Vengeance of Orion
- First edition cover
- Author: Ben Bova
- Cover artist: Boris Vallejo
- Language: English
- Series: Orion
- Genre: Science fiction
- Publisher: Tor Books
- Publication date: 1988
- Publication place: United States
- Media type: Print (hardcover)
- Pages: 352
- ISBN: 0-8125-3161-2
- Preceded by: Orion
- Followed by: Orion in the Dying Time

= Vengeance of Orion =

1988 book by Ben Bova

Vengeance of Orion is a 1988 science fiction novel by American writer Ben Bova. It is the sequel to Orion and follows his adventures in the time of the Greek heroes Achilles and Odysseus in the siege of Troy. The story takes up many plot elements of Homer's "Iliad" but also includes elements not appearing in Homer, such as the presence of the Hittite empire to the east of Troy.

==Plot summary==
Orion comes into "being" as a rower on board a Greek ship headed to the city of Troy and makes friends with a talkative old man called Poletes. The Golden One, the "creator" from the previous novel in the series, soon appears to him revealing himself as Apollo the Greek god and that his plans are for the Trojans to be victorious in that era so as to create a Euro-Asian Empire. Little by little Orion remembers that he was traveling with the woman he loved on a star ship that ended up exploding while in flight. The Golden One states that Orion was punished for defying him and that the former Goddess who chose to become mortal so she and Orion could share their love together was now dead as a result of that explosion. As part of that ongoing punishment, he has resurrected Orion to serve him yet again, and during that time intending Orion to suffer the pains of the loss of his love. Orion, angered at the petty arrogance of the murderous Golden One, decides to thwart whatever plans Apollo might have for the era and ends up saving the Greek camp from being overrun by the Trojans on a counterattack. His courageous acts earn the attention of Odysseus who then adopts him as a member of his household. As a favor Orion requests that Poletes becomes his servant thereby elevating the man's station. Odysseus' first duty for Orion is to accompany him with Ajax and Nestor to Achilles' tent to persuade him to return into the fray. Achilles had earlier withdrawn from the battle because Agamemnon had taken from Bris whom he captured. Achilles however insists on only re-entering battle when High King Agamemnon apologizes to him.

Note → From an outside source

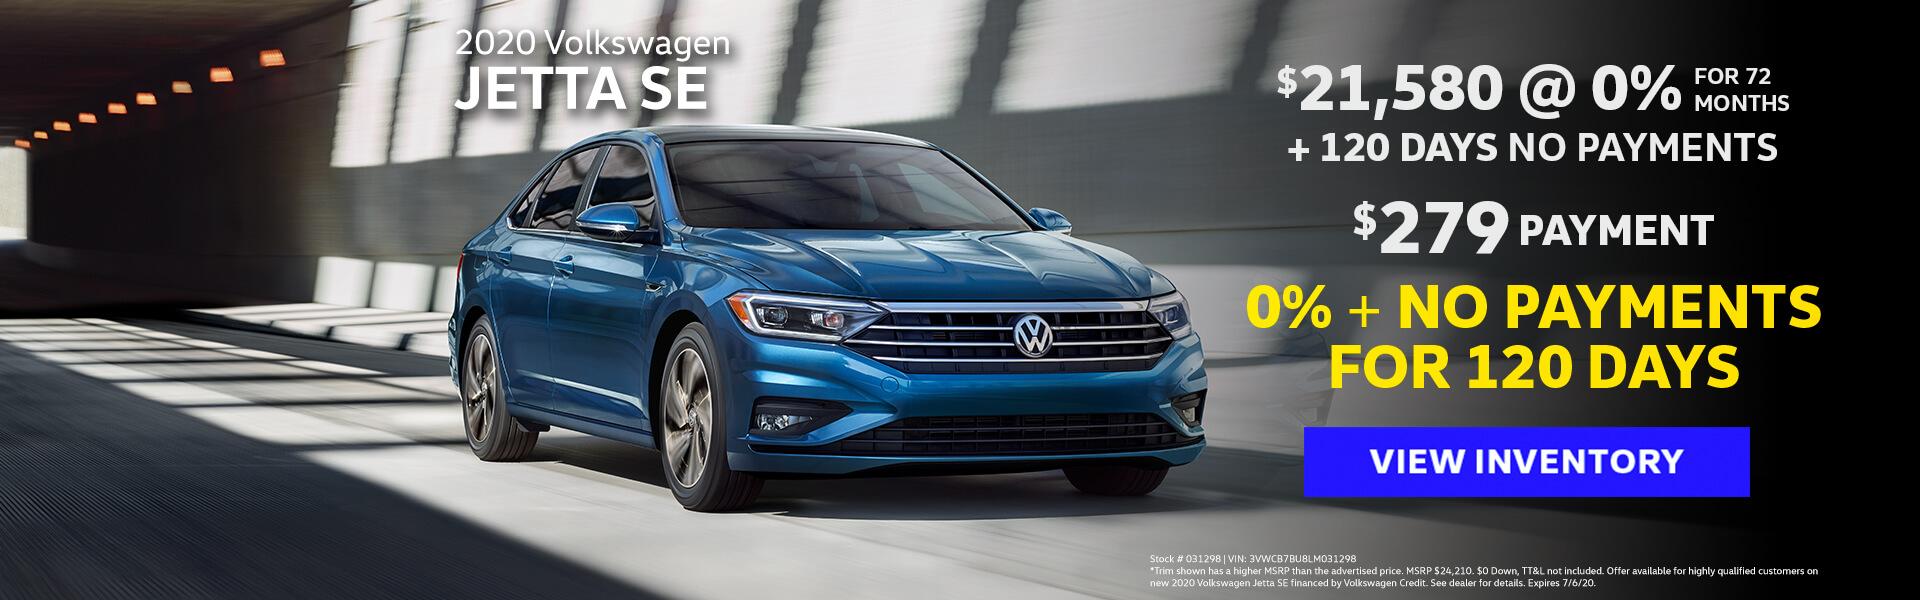 VW Jetta Offer

Seeing this is an impossibility, Odysseus and his team withdraw and he then asks Orion to go as a herald to the Trojans with an offer of peace. Orion, sensing this will enable the Trojans to win changes the demand to the previous insulting demands brought by earlier heralds. This offer is of course rejected and while there he notices a weak point in the walls of Troy via the Western section built by men. The Trojans then send Orion back to the Greek camp with their refusal and a warning that the Hatti are coming to their defense. This news upsets the Greeks who had earlier been assured by the Hattis of their intention not to interfere in the Trojan War. Orion is then sent to the Hattis with a copy of the agreement with the Hattis only to discover that the mighty empire of the Hattis had disintegrated and the soldiers were nothing more than bandits. He then encounters a band of Hatti soldiers led by Lukka who agree to follow him back to his camp. Upon return he discovers Achilles' partner Patrocles is dead and this has prompted Achilles to enter the battle again. He faces off with Hector and defeats him cutting off his head. However, Achilles is wounded by a stray arrow piercing his heel. He later commits suicide. Lukka and his group then help in building a ramp over then Western section of the wall and by this the Greeks enter into Troy and raze the city to the ground, thus defeating Apollo's plans.

While the spoils are being shared the High King takes half of all the goods which leads to dissatisfaction. Poletes uses this to make fun of him but Agamemnon decides to blind him. This upsets Orion and he decides to leave, taking Helen with him who decided against going back to Sparta because of the barbaric way of life there. She suggests going to Egypt where she believes she would be treated civilly. On their way he meets Apollo who instructs him to assist the Israelites in their toppling of Jericho's wall before arriving in Egypt. On arrival, he is involved in palace intrigues again as Pharaoh's Chief priest has been poisoning him and usurping his power. Also, Menelaus has arrived in Egypt having been told by Nekoptah that his wife is in Egypt. Nekoptah tries to set up Orion to be killed in addition to killing his twin brother, Hetepamon. He is however, able to turn the tables against Nekoptah with the help of the crown prince and Hetepamon. He also assists the other Creators to capture Apollo who has actually gone mad and was trying to kill the others so as to be the only one and be worshiped as god. Nekoptah still tries one last time to set Orion up with Menelaus but he loses and is killed when he kidnapped Helen. However, Orion is stabbed through the heart with a spear by Nekoptah, who then dies.
Orion wakes up later in the Neolithic and sees Anya, who then wakes up after he kisses her. The novel then ends with an epilogue which is the beginning of the succeeding book.